DATASET CONTENT
========
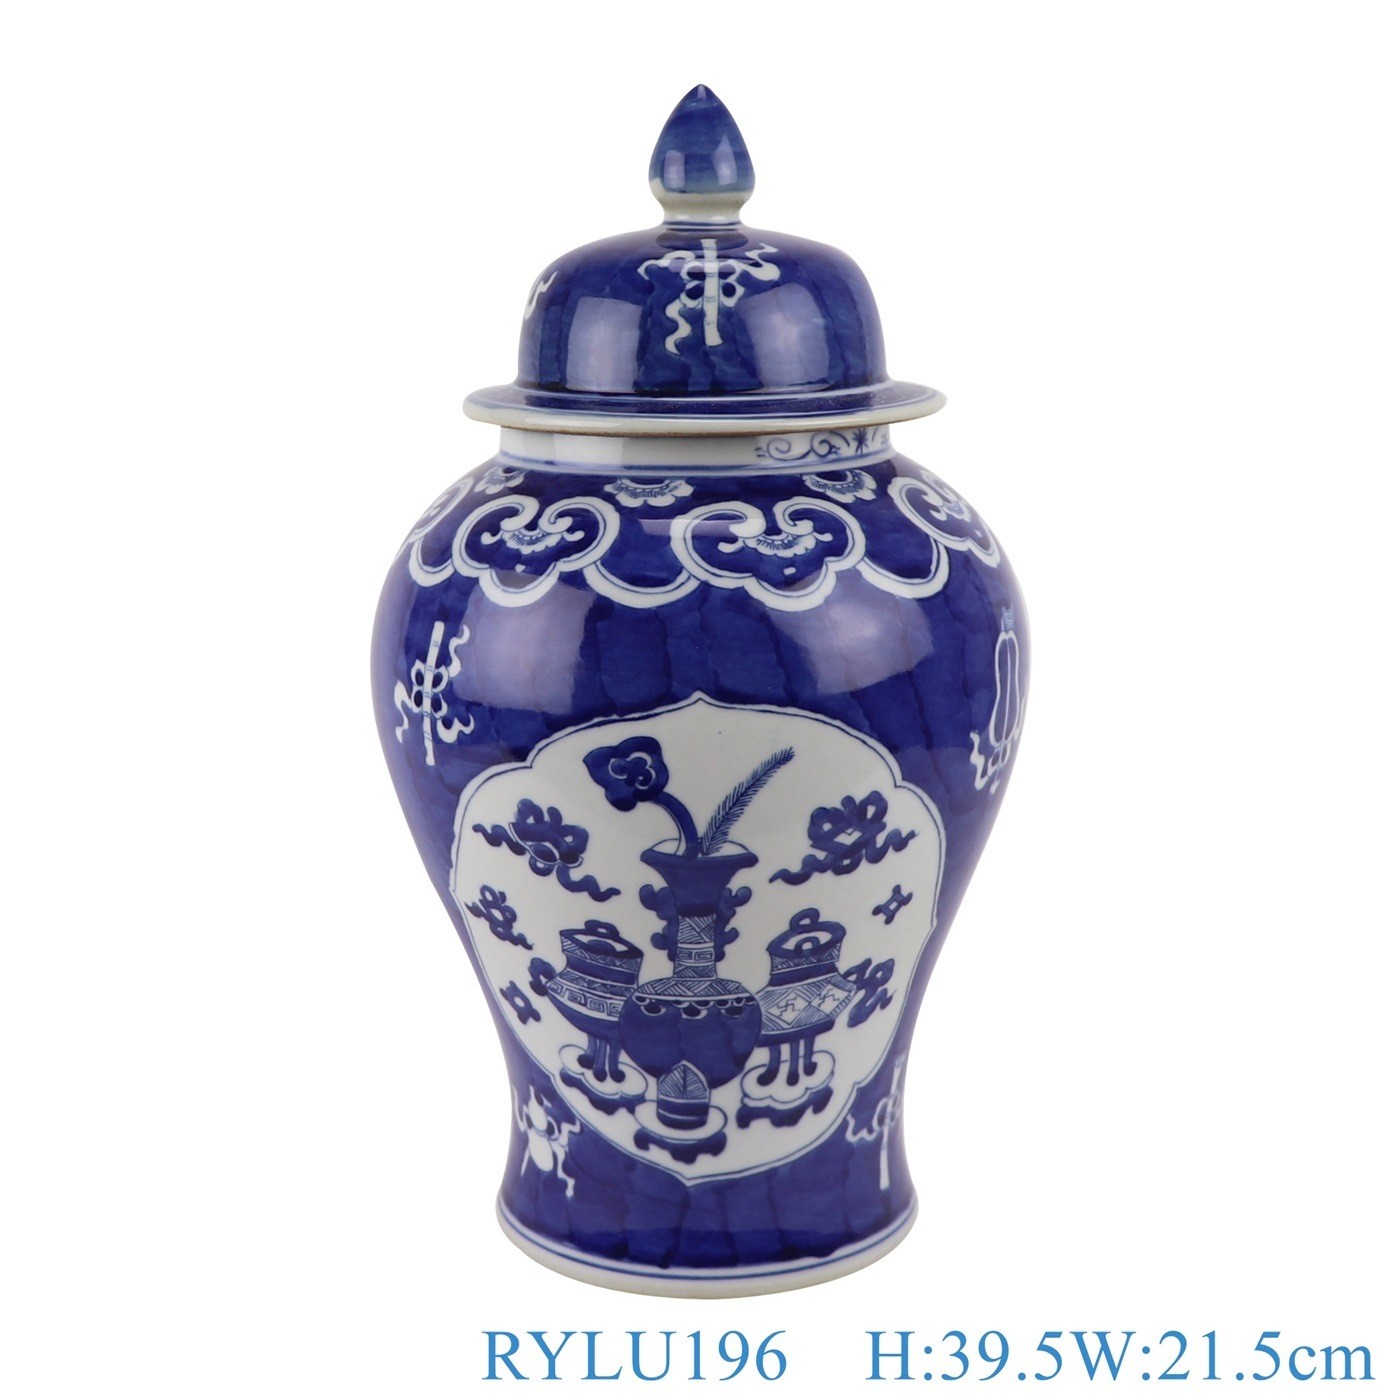 Antique Blue Open Window Twisted Floral Grain Porcelain Storage Ginger Jar
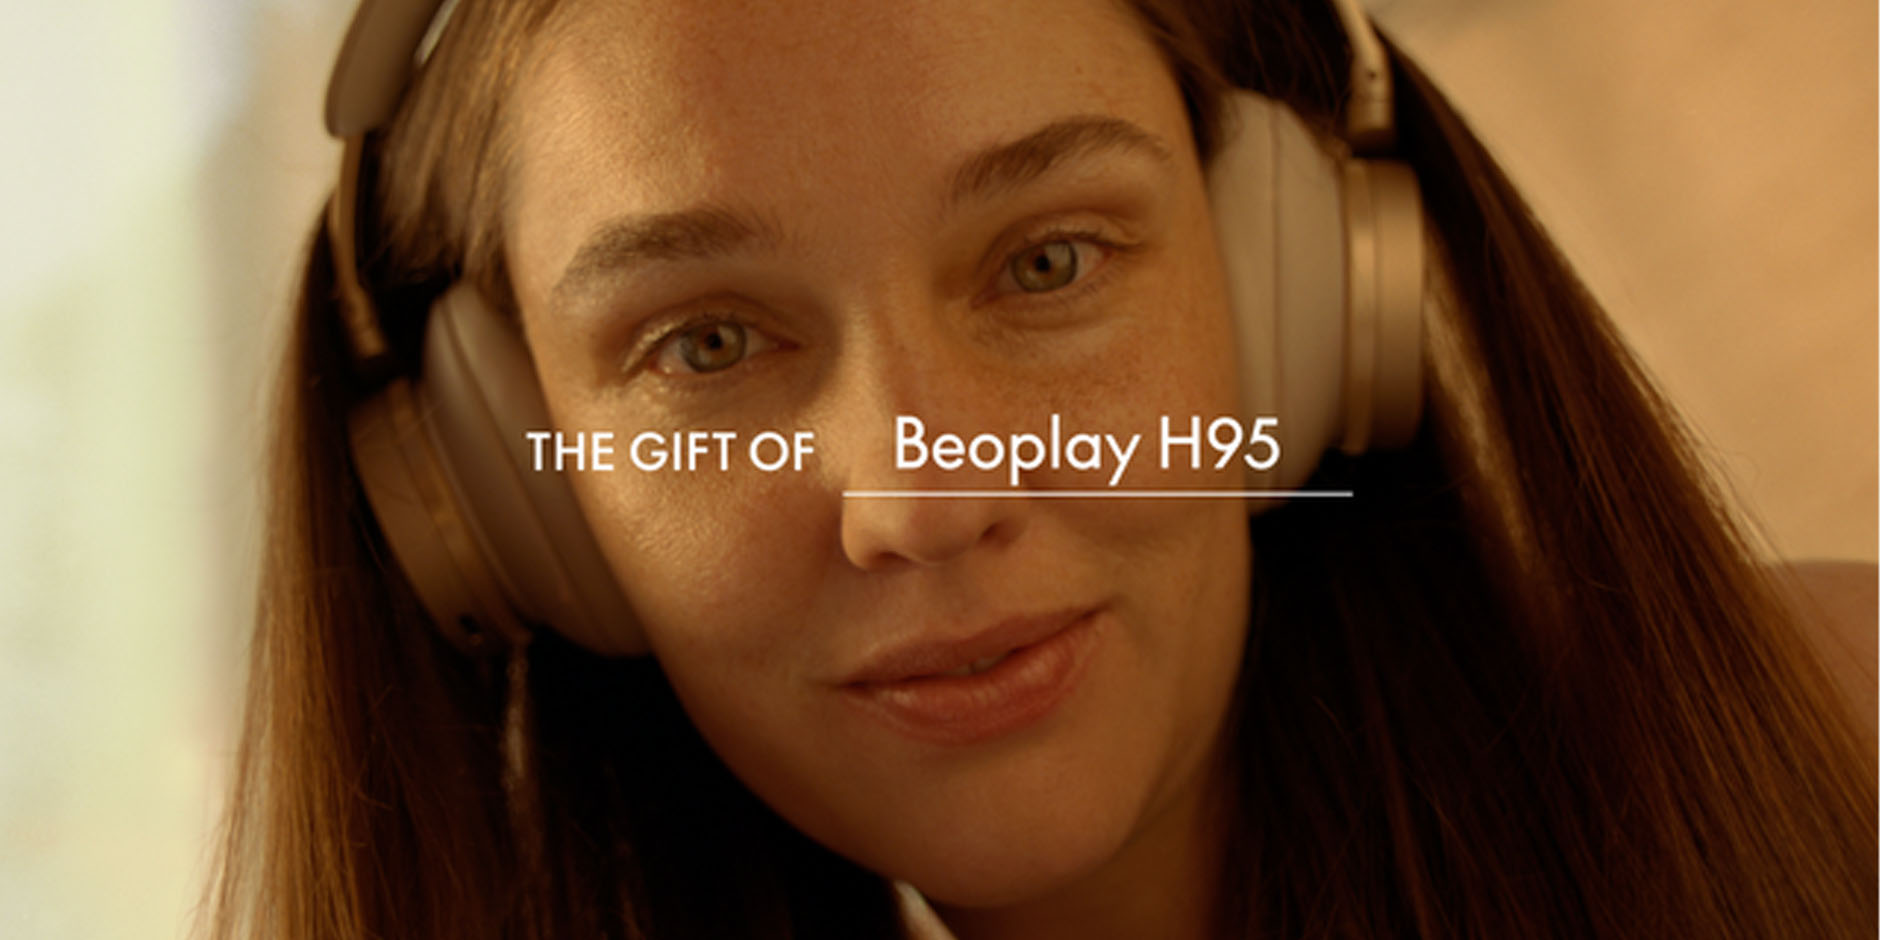 Beoplay H95 headphones
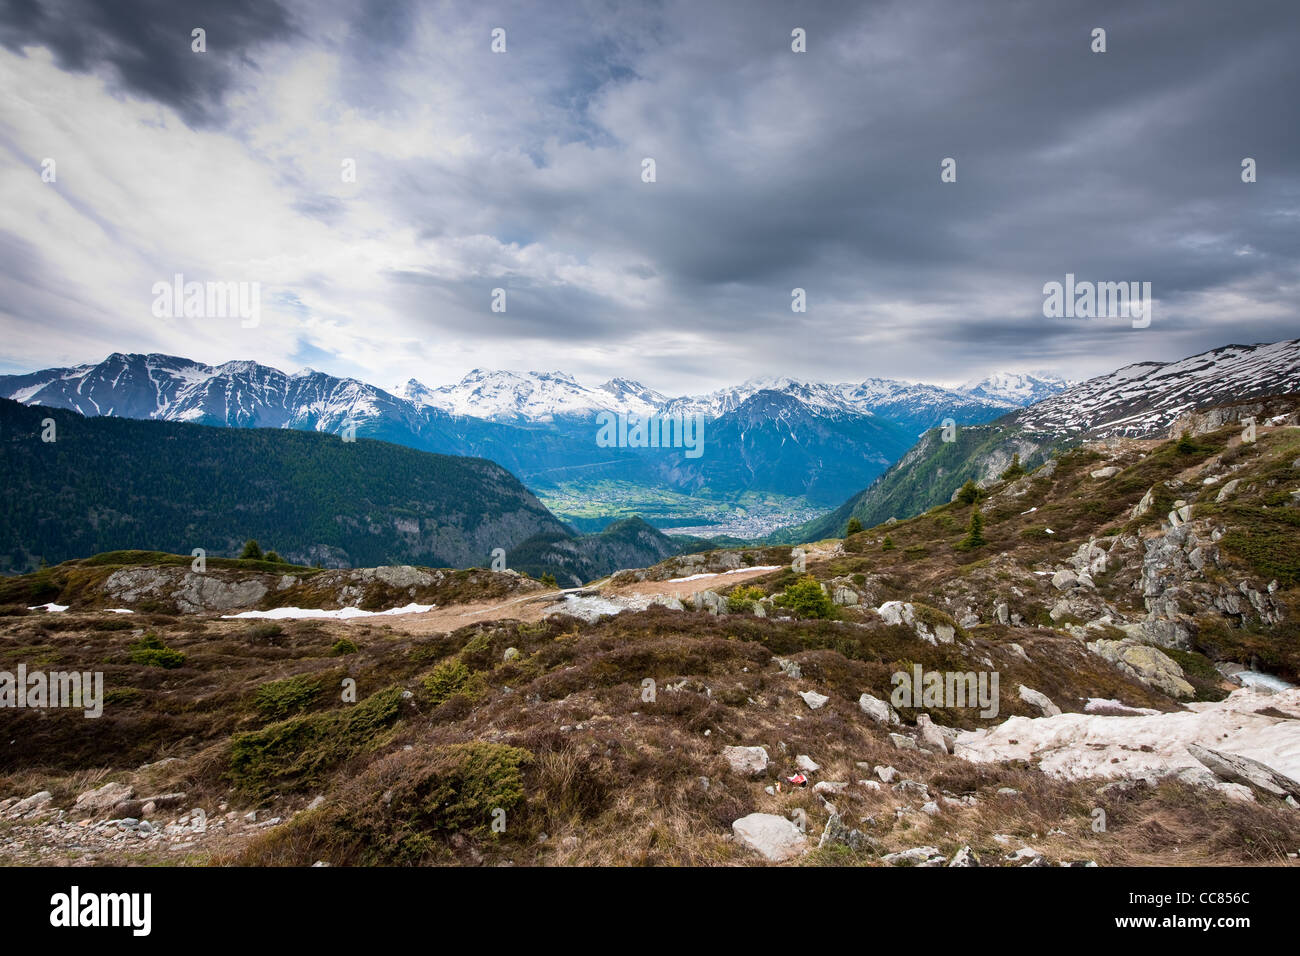 Vue panoramique de Belalp, Valais, Suisse sur une journée grise Banque D'Images
========
With pictures excluded, output the listing above exactly as it stands.

 Antique Blue Open Window Twisted Floral Grain Porcelain Storage Ginger Jar
 Beoplay H95 headphones
 Vue panoramique de Belalp, Valais, Suisse sur une journée grise Banque D'Images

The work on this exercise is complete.